ABOUT THIS TASK
All lines from the one containing "Spain, mid 20th Century" through the last line below must be duplicated exactly, with nothing outside that span.
(INPUT DATA begins)
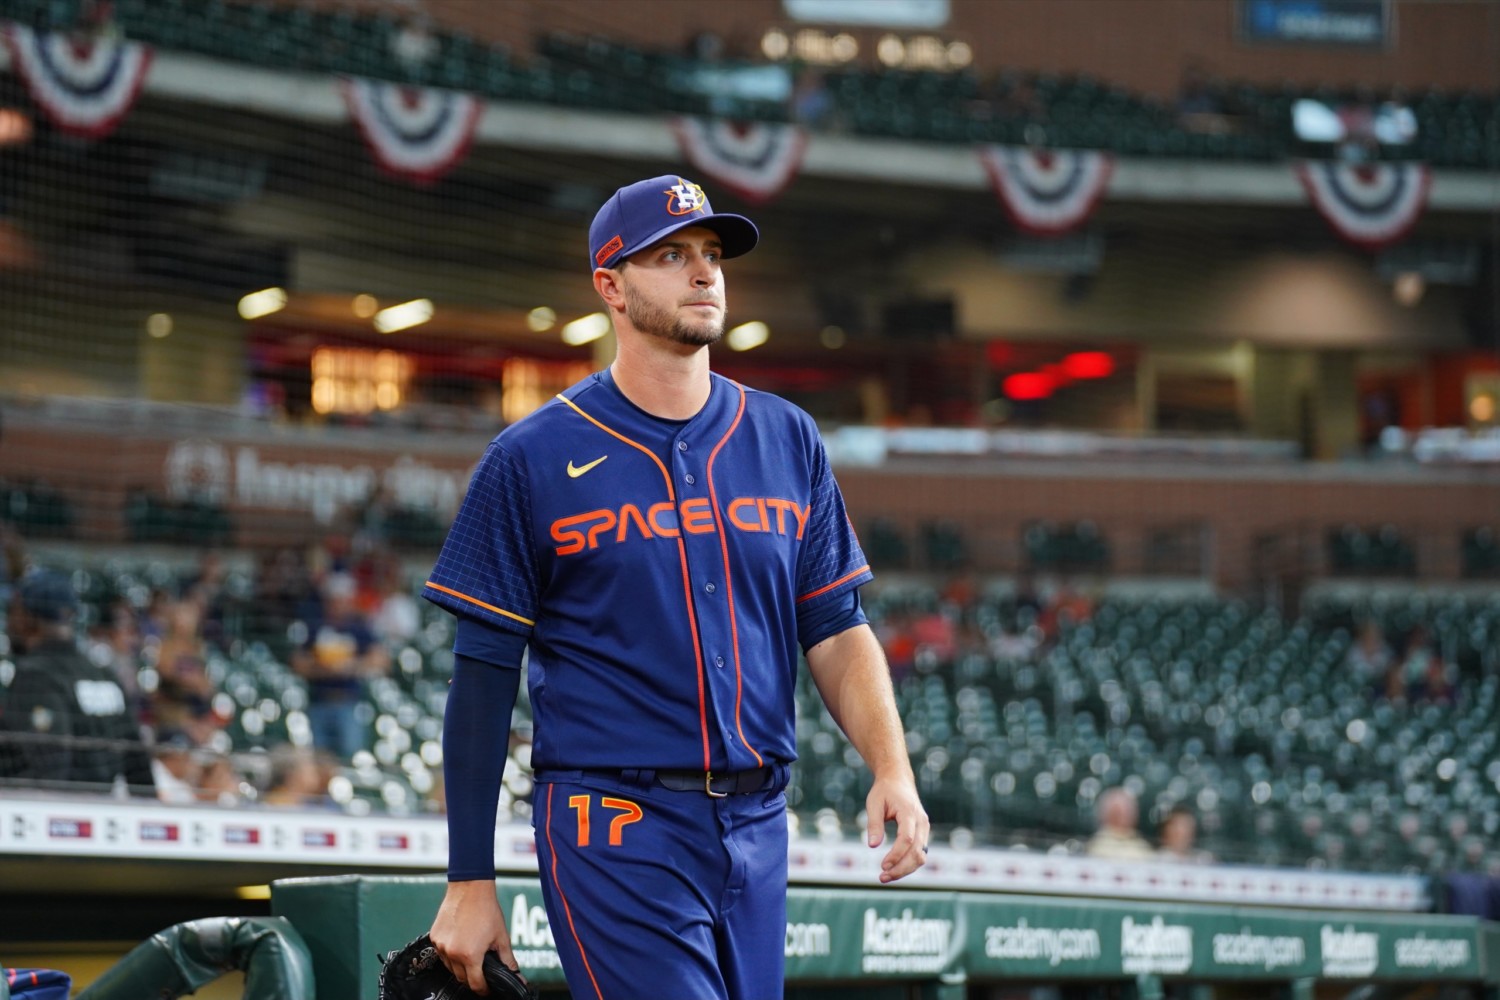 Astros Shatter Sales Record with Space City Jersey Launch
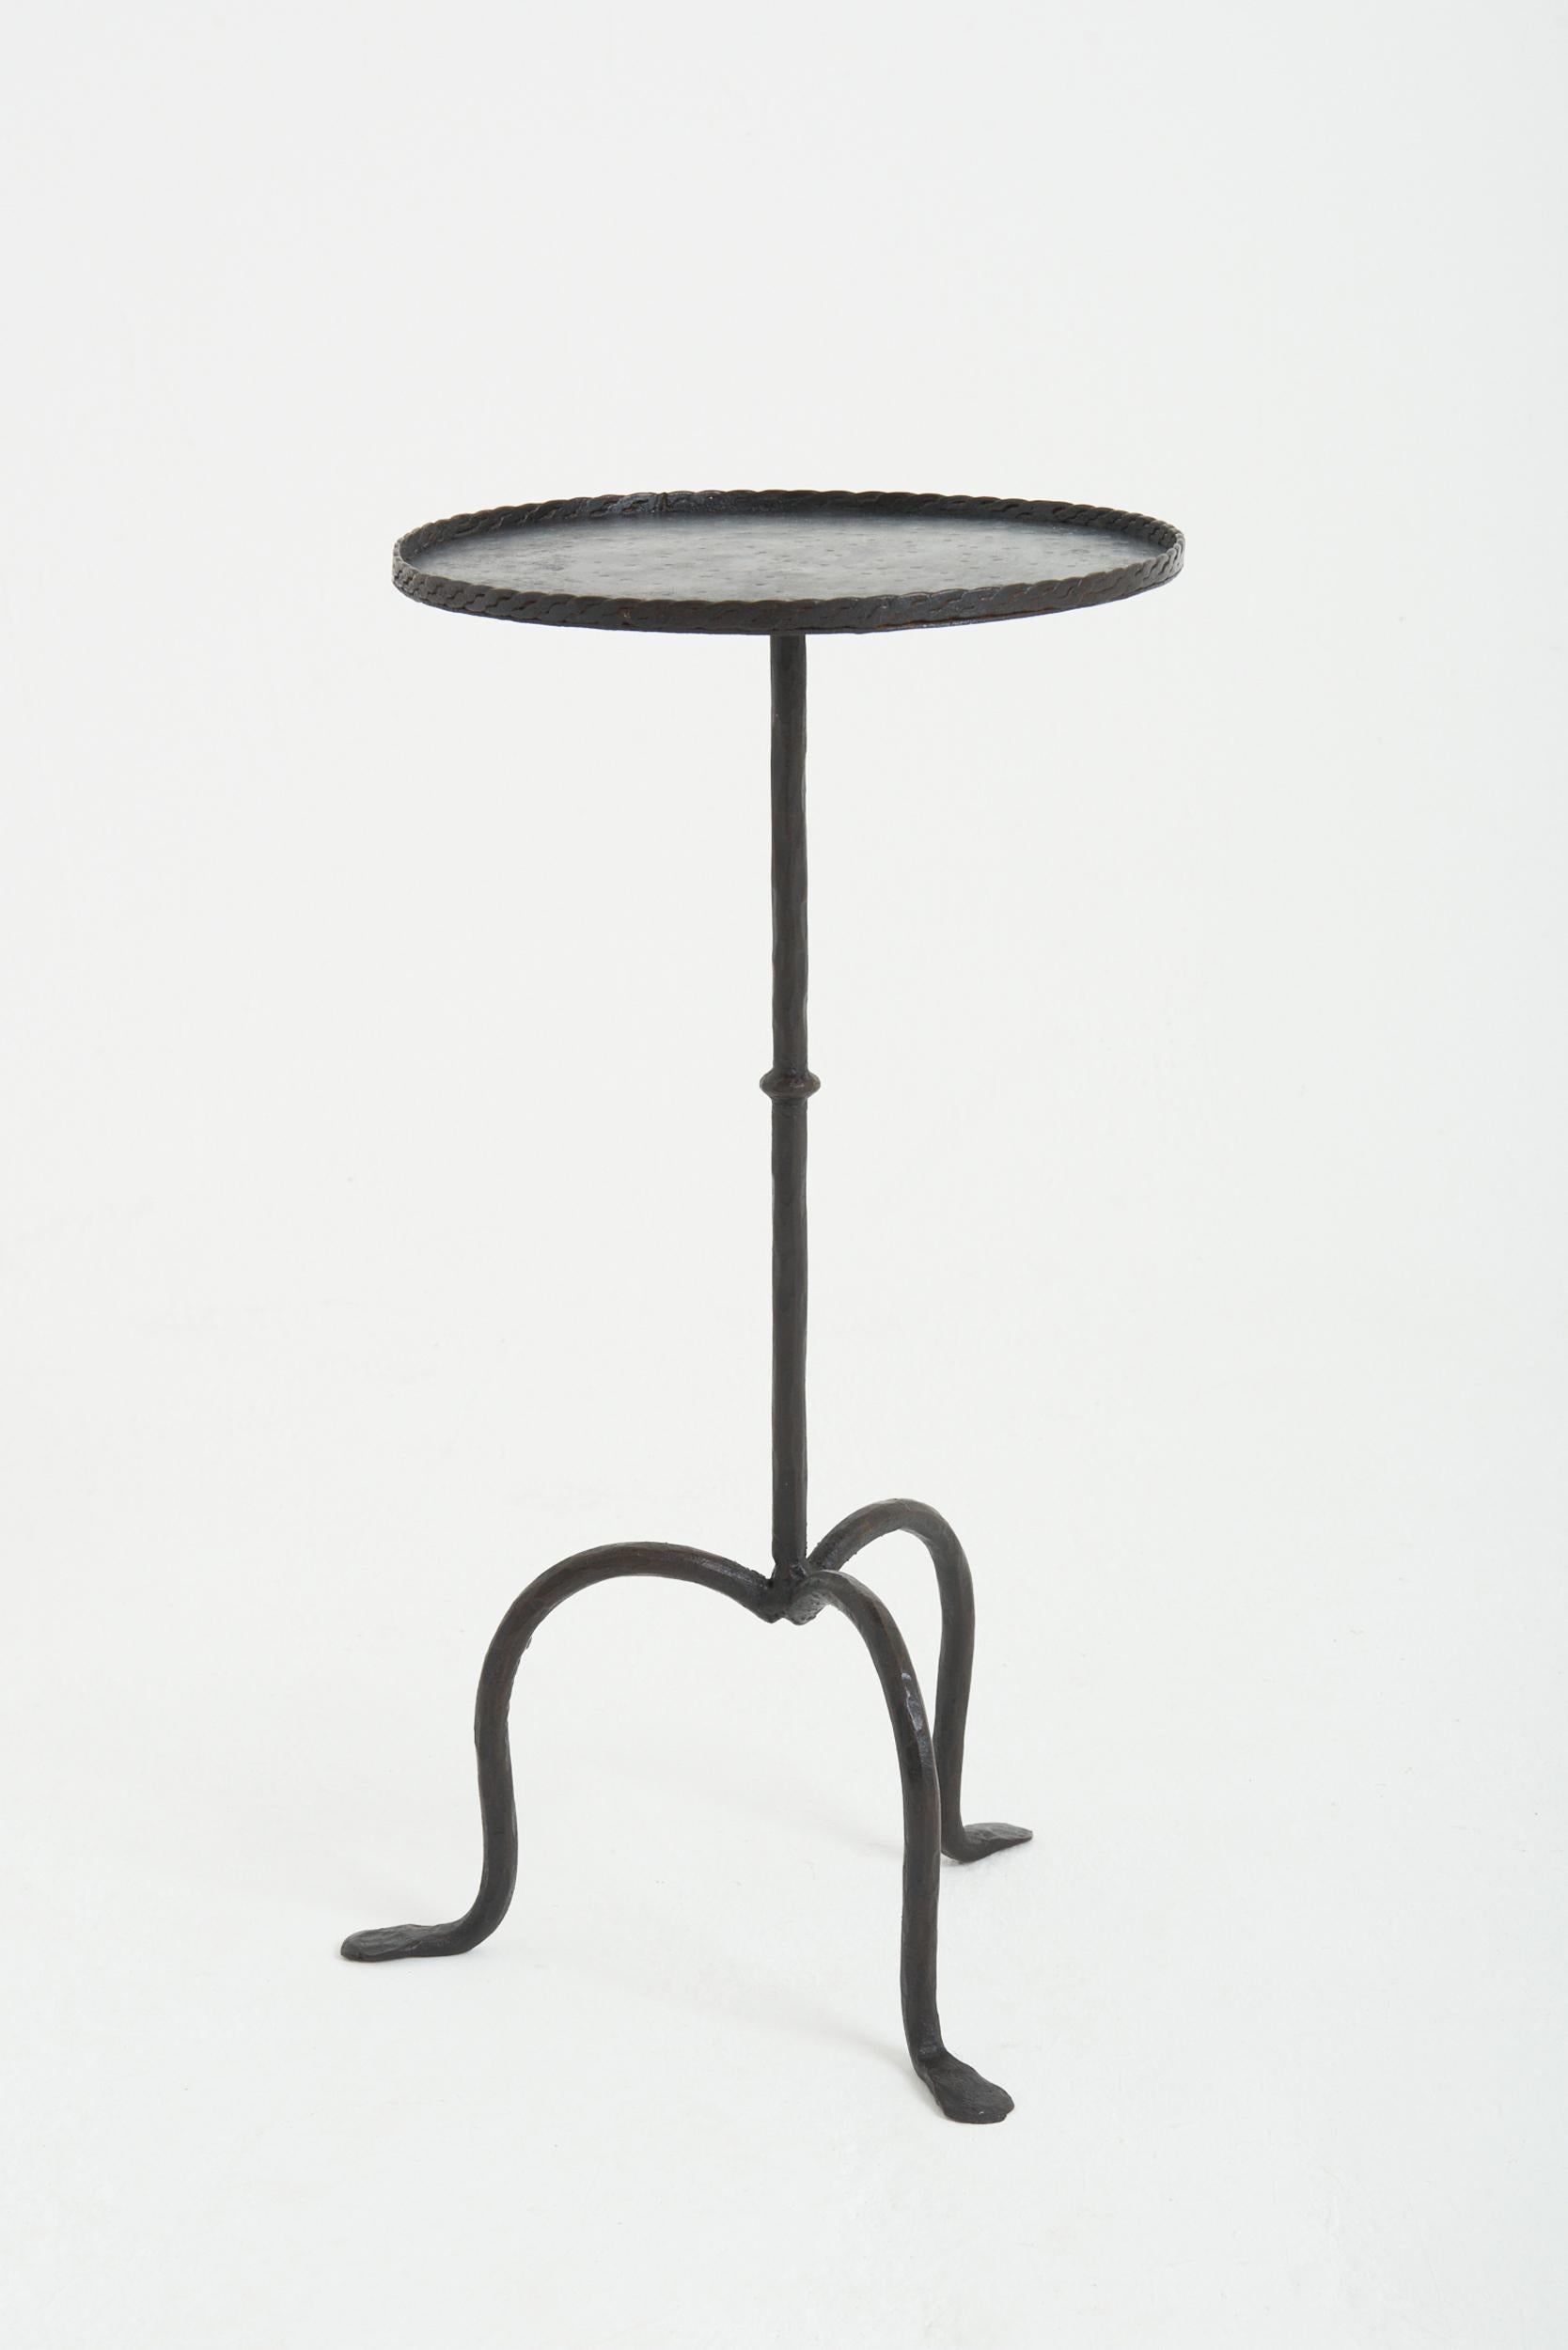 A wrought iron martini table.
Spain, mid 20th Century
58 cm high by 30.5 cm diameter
(INPUT DATA ends)
ANSWER AREA
Spain, mid 20th Century
58 cm high by 30.5 cm diameter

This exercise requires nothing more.